The truth however, is that a creative and effective approach to parking is a part of the solution; not the problem.
So, what’s blocking change?
Resistance to changes in parking regimes often starts with the assumption that private car use is directly connected to consumer footfall and so to the success of the shops, bars, restaurants, and offices that make up the local economy. Any suggestion of reducing parking capacity raises immediate concerns from local businesses and from local authorities that fear an immediate loss of revenue as a result.
As the RAC Foundation’s research in 2019 showed
“In 2018-19 English councils made a combined profit of £930 million from their parking activities.” To which they added, “It is up 41% on the £658 million made in 2013-14.”
Although their statement about the impressive growth of local authority parking revenues contains no explicit criticism, I can’t help but sense a tone of resentment on the part of the RAC Foundation.
I feel no resentment at all. I congratulate our local authorities on their cultivation of a vital revenue stream from which to finance their essential work. Well done.
However, this combined with pressure from local business, does explain why local authorities are wary of making changes of any kind in parking policy. It’s a legitimate concern and certainly plausible but is it true?
Consumer or business, who knows best?
Collaboration is central to what we do at EthosVO and it’s a vital part of successful placemaking, but we know how difficult it can be to achieve. A shared understanding and common goals are essential to bring all stakeholders together.
So, it’s interesting to see that consumers and city centre businesses may perceive things very differently. In a 2018 paper on changes in the Southern Bargate area of Southampton, researchers asked local retailers and visitors how it could be improved. The retailers were confident that they knew what shoppers wanted as they ‘often spoke to them’.
Asked about what was important to the area, retailers ranked ‘surrounding shops and businesses’ and ‘available car parking spaces and times’ as the most important factors.
The top 3 factors for the consumers interviewed, however, were ‘open public space’, ‘green space’ and ‘cultural and social activities’.
Indeed, 43% of visitors interviewed did not see ‘available car parking and times’ as having any importance at all.
This wasn’t the only issue upon which retailers and consumers had markedly different opinions of what makes a great place to visit and shop. 85% of consumers surveyed wanted trading hours to be changed or extended, but 36% of retailers said they would be unwilling to change. Indeed, the research found that “a large proportion of retailers were opposed to any change in their default behaviour”.
Reading this, a cynic might wonder whether a perceived lack of parking might be as big a factor in town centre decline as has been feared.
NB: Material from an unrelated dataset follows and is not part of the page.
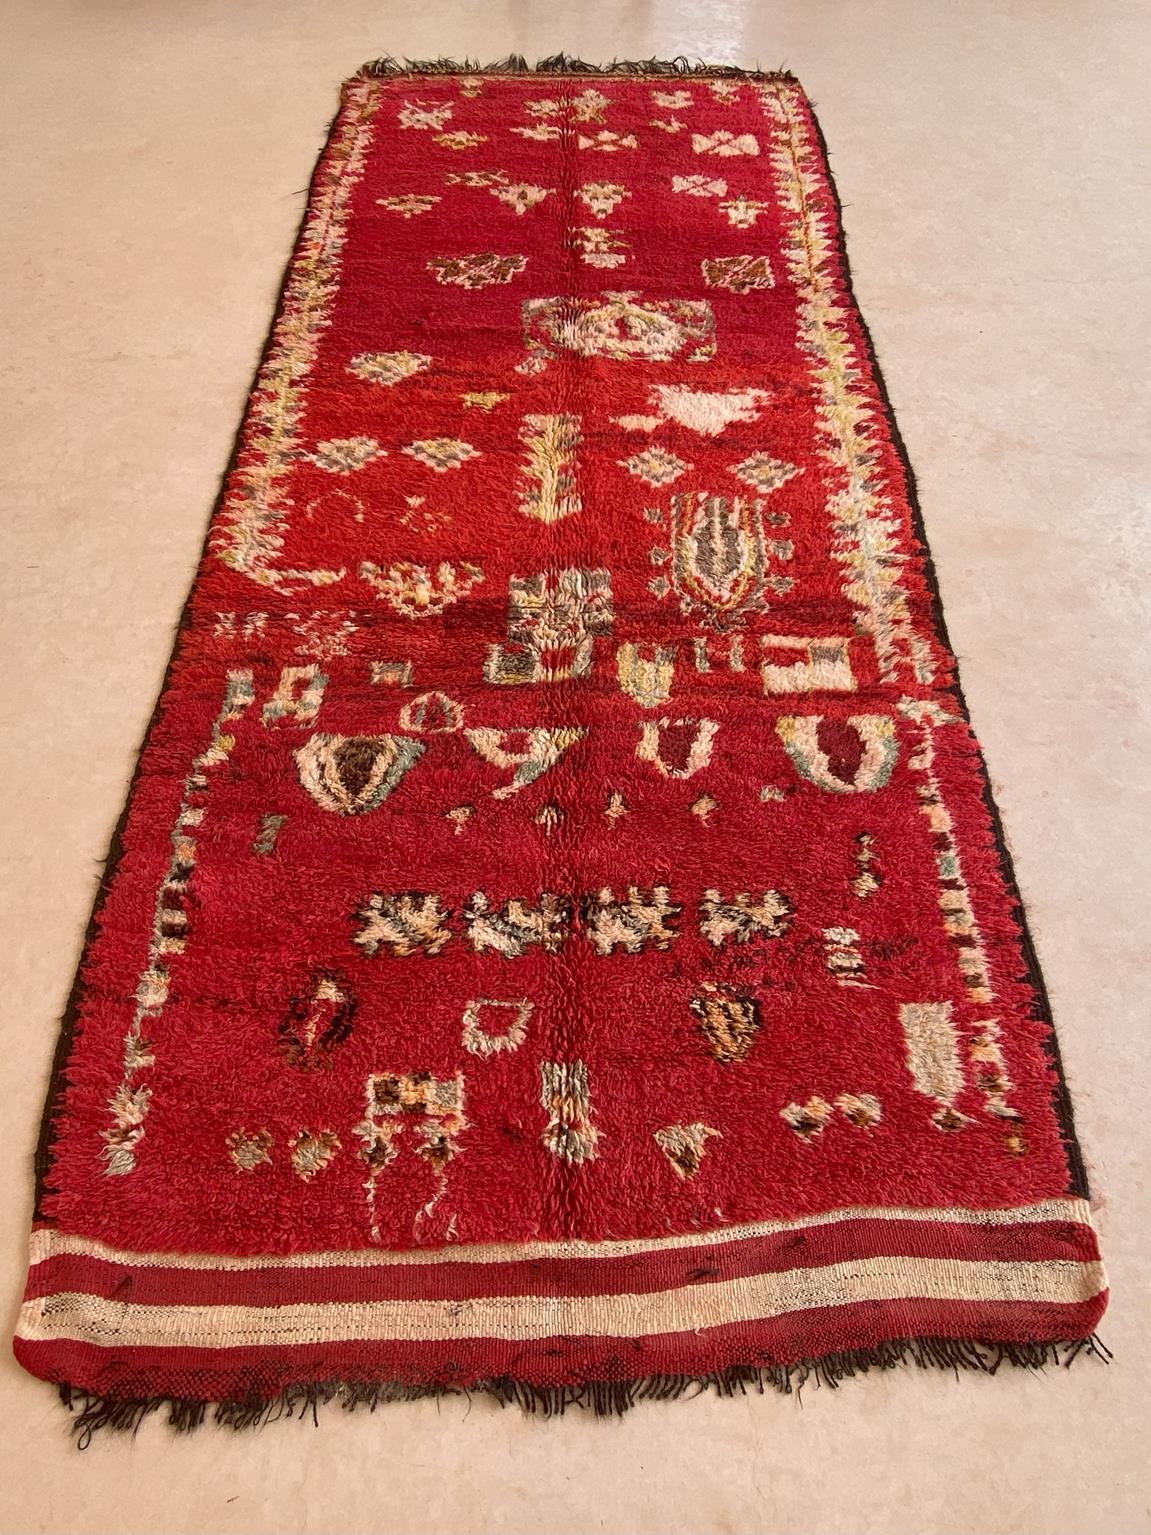 Wool Vintage Moroccan Rehamna rug - Red - 5.1x12.5feet / 156x382cm For Sale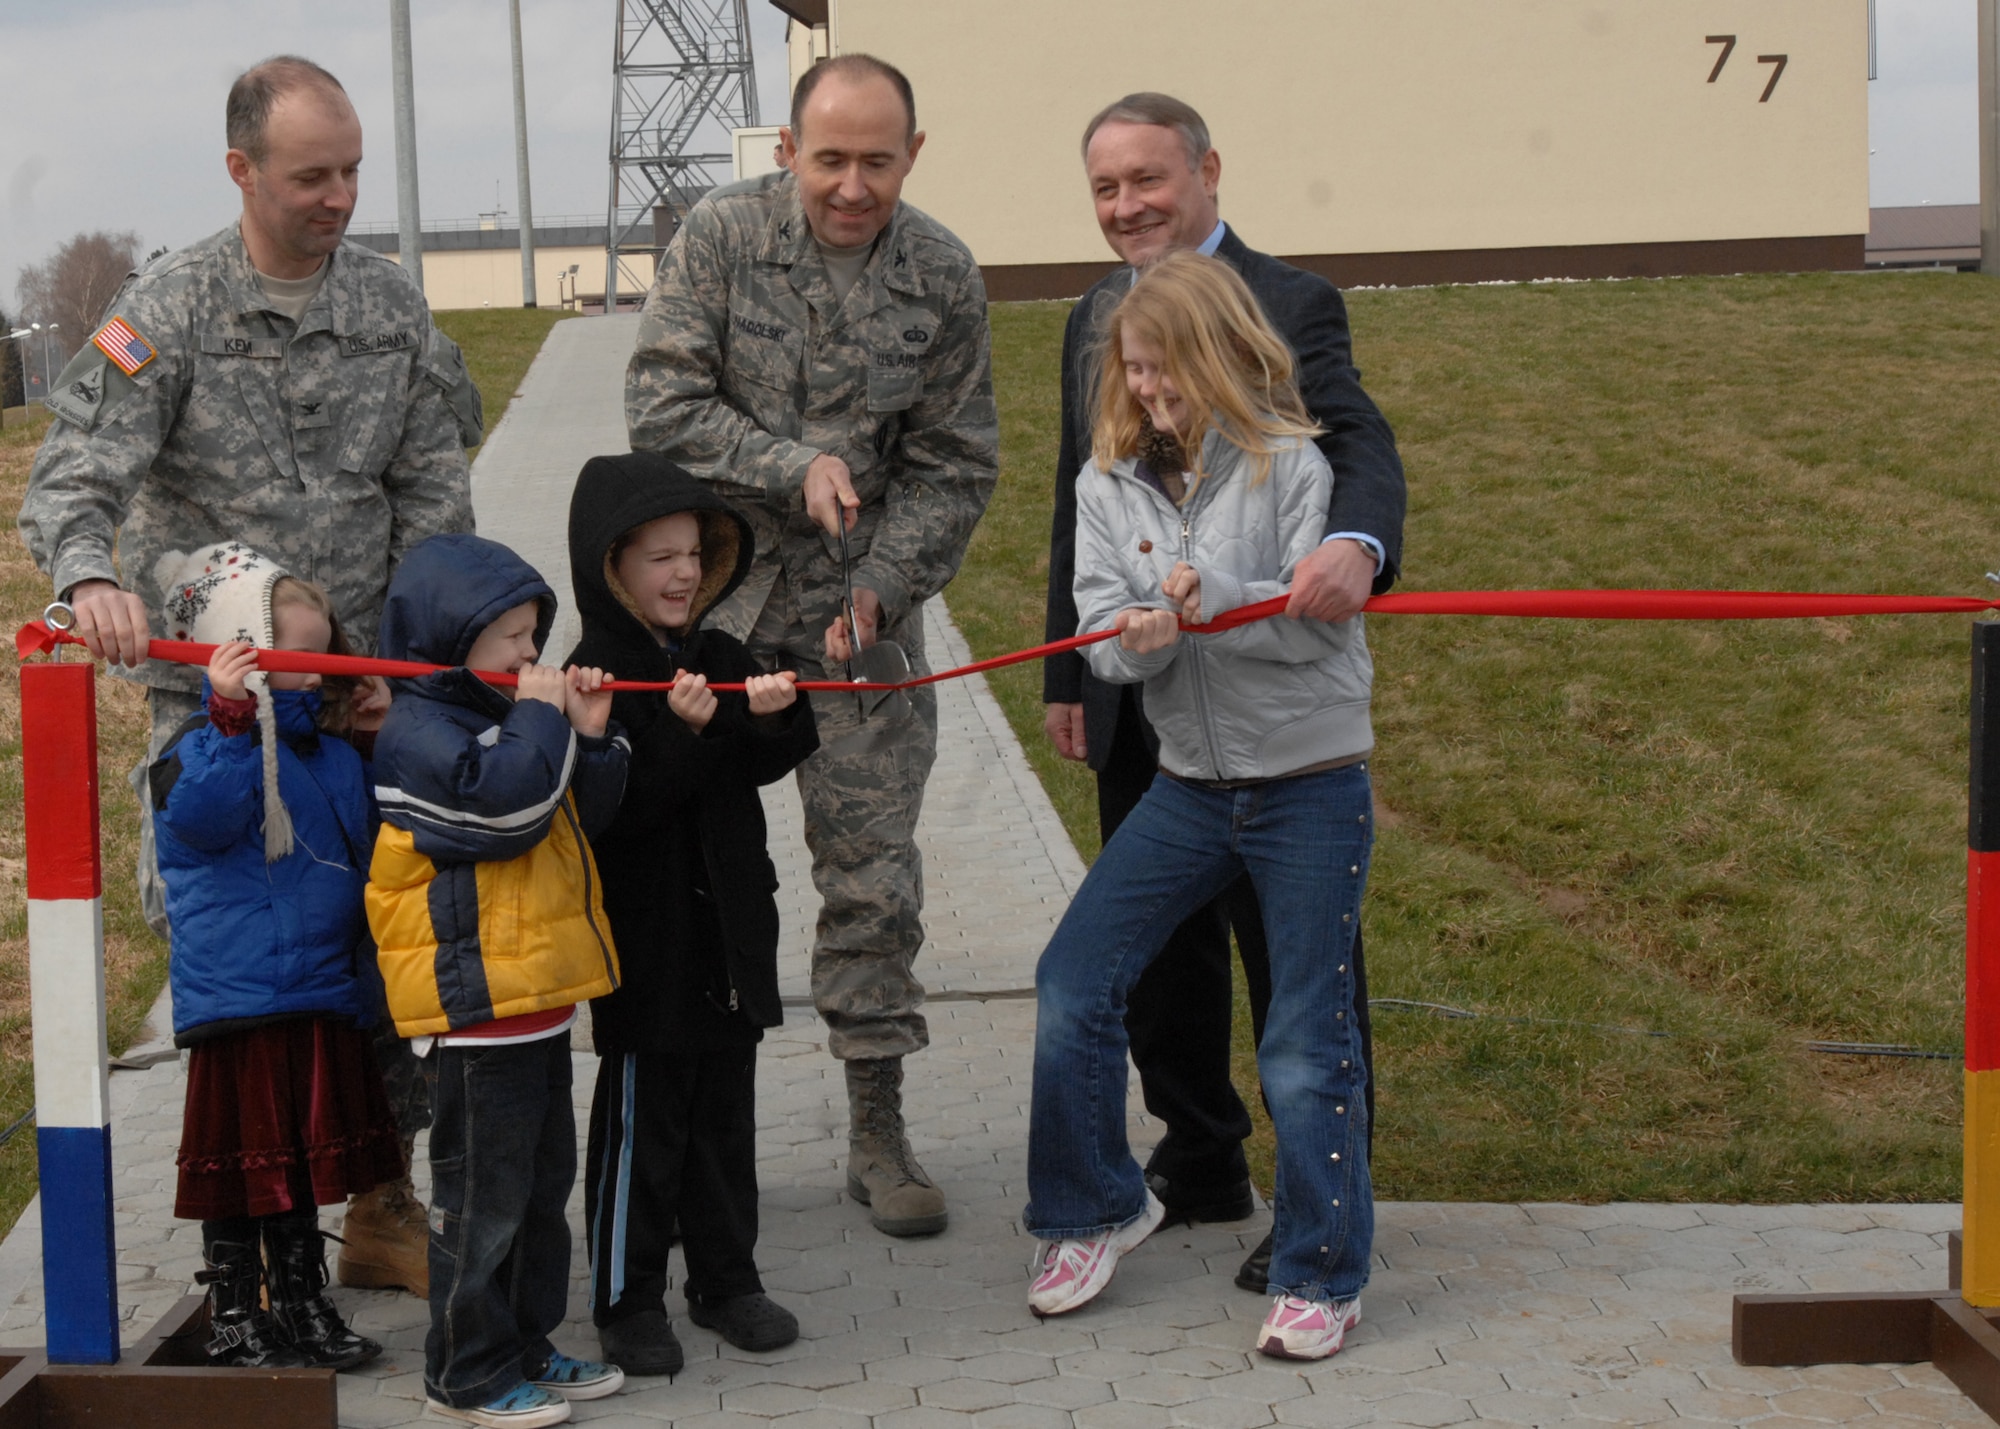 SPANGDAHLEM AIR BASE, Germany -- Col. William Nadolski, 52nd Fighter Wing vice commander, along with members of the Army Corps of Engineers and children of wing leadership cut a ribbon during the for the new air traffic control tower March 13, 2009.  After the ceremony visitors were given a chance to look at the new tower which provides air traffic controllers a view of the entire flight line. (U.S. Air Force photo by Senior Airman Jenifer H. Calhoun)

As for the assumption that re-thinking parking might be disastrous for local authority revenues. A July 2020 report from Knight Frank suggests that
“If just 15% of the land occupied by England’s 103,000 public sector-owned car parks was developed, the government could deliver 110,000 new homes. What-is-more the sale of the homes could bring in up to £6bn in land receipts for the Treasury.”
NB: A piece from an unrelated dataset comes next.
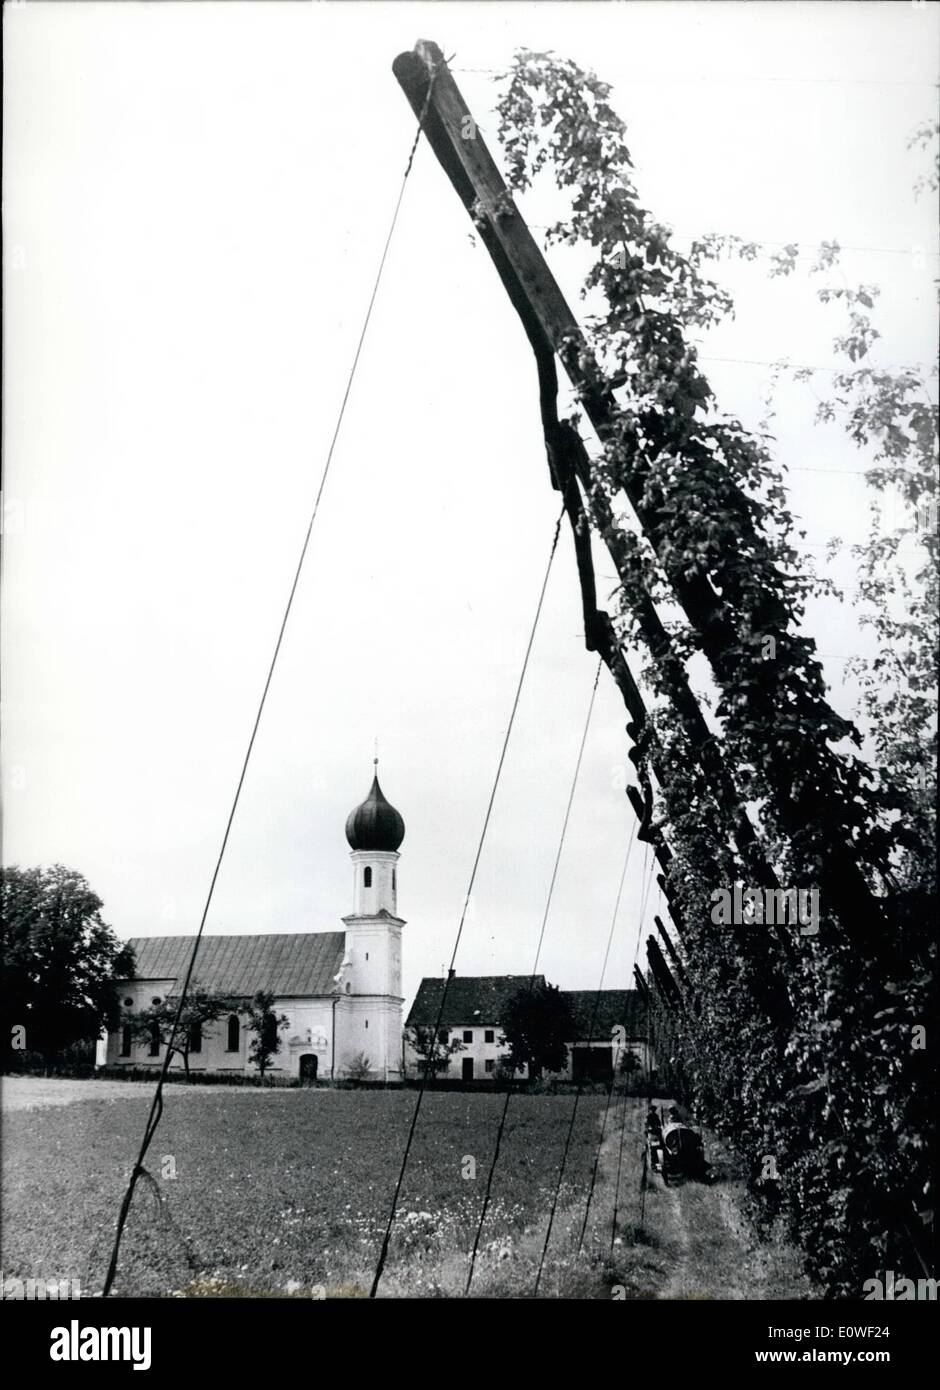 Aug. 08, 1962 - Entirely framed by hop-gardens: is the Lohwinded (Lohwinden) church of pilgrimage in Lower Bavaria. As clcisters used to brew the best beer and even now continue with excellent brewing, hope and church harmonize in good neighborhood forming a fine scene. Stock Photo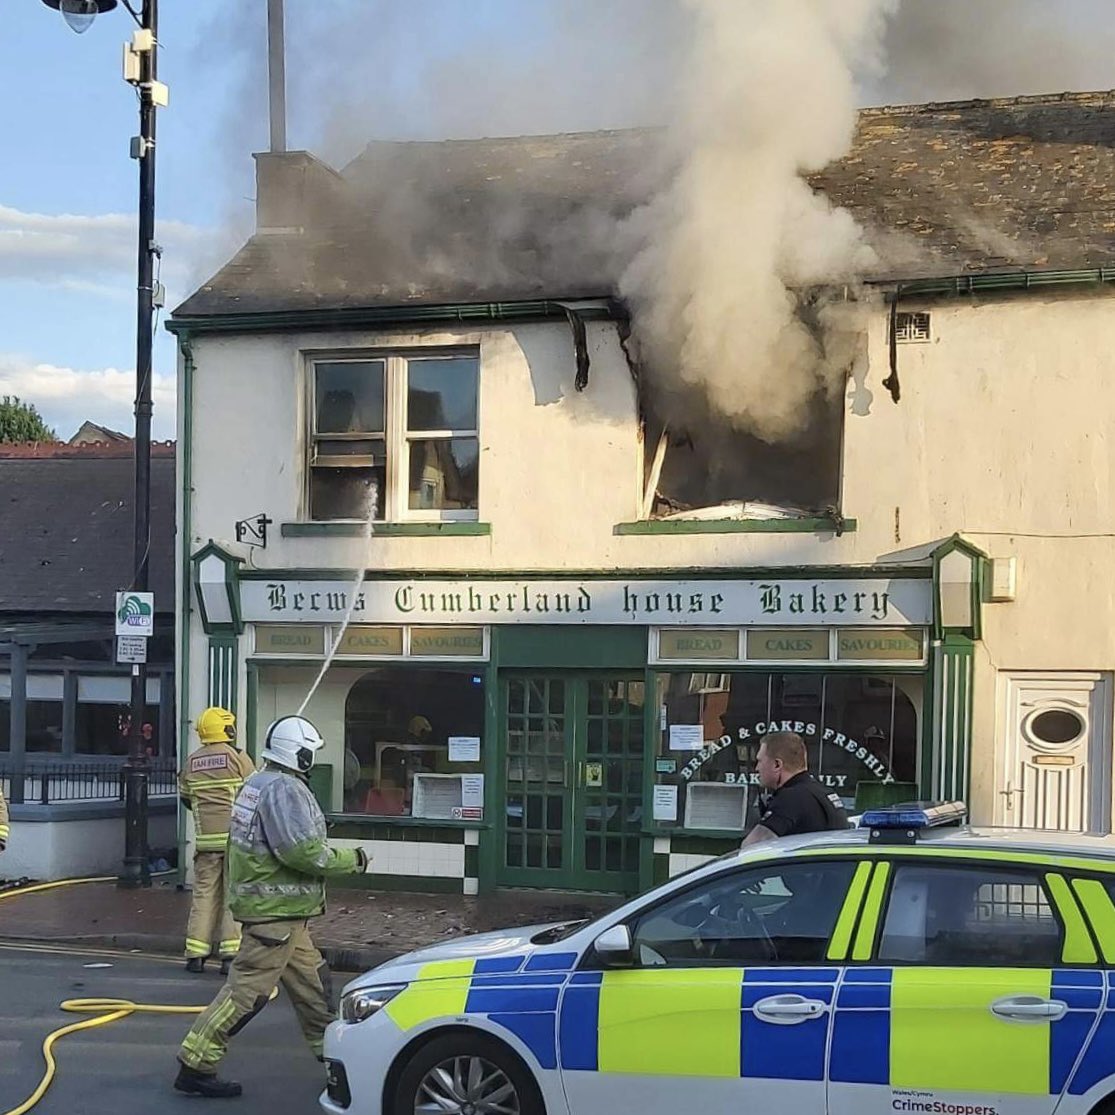 Market Street #Abergele closed from St Georges Road through Abergele whilst @NorthWalesFire currently deal with a fire above Cumberland House Bakery!

Presumably, local authorities and local businesses would also benefit from 110,000 new households.
As always, it seems that what placemakers lack is the data and tools to make informed decisions. As we recover from the effects of so much social and economic upheaval, informed and committed decision making is needed more than ever.
Over the next few weeks, I’ll explore more issues around what we need to know about parking and what having that knowledge might enable placemakers to do.